My diet is pretty clean.
Got more prep containers than amazon in my cupboard so im pretty set for a bulk.. 

Any ideas welcome

Many thanks


----------



## flenser (Nov 2, 2021)

Best idea is to introduce yourself in the intro section, then hang around and learn something. Anyone who PMs you with offers of gear is a scammer and will take your money.


----------



## Matt01227 (Nov 2, 2021)

Noted

That makes sense . No one knows me and no one here so instantly making a connection would be difficult this way. Should have thought this one through before the post.

oops


----------



## Send0 (Nov 2, 2021)

If you are asking where to get more testosterone, then I must tell you that we are not a source board and do not have/give recommendations on where to get AAS.


----------



## Matt01227 (Nov 2, 2021)

Send0 said:


> If you are asking where to get more testosterone, then I must tell you that we are not a source board and do not have/give recommendations on where to get AAS.
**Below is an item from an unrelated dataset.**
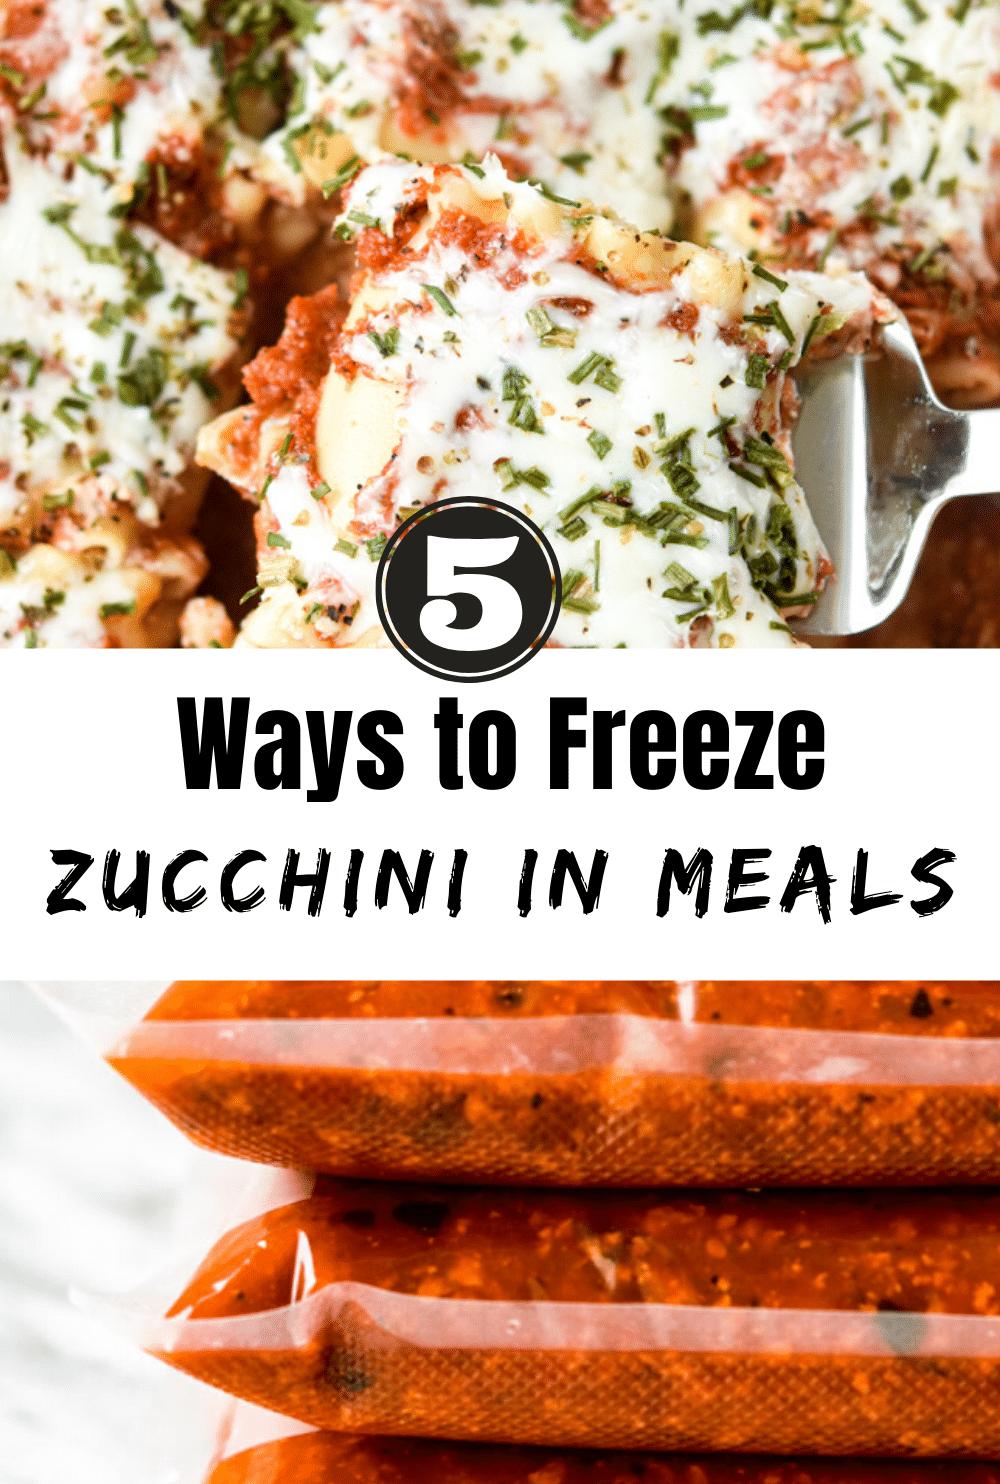 5 Ways to Freeze Zucchini in Meals

Good to know thanks.. Any advice on how and where would be appreciated but completely understand that this is not the place now to ask such questions..
All the best


----------



## Send0 (Nov 2, 2021)

Matt01227 said:


> Good to know thanks.. Any advice on how and where would be appreciated but completely understand that this is not the place now to ask such questions..
> All the best


Correct, this forum is not the place that will answer those questions.


----------



## Matt01227 (Nov 2, 2021)

Got it. thats what i was saying. i wont ask for a contact on an open forum. Plus i understand that no one is likely to offer any assistance should one ask for this. 
Many thanks once again


----------



## Sityslicker1 (Nov 2, 2021)

flenser said:


> Best idea is to introduce yourself in the intro section, then hang around and learn something. Anyone who PMs you with offers of gear is a scammer and will take your money.


Brah really? I'm trying to feed my kiddos here.


----------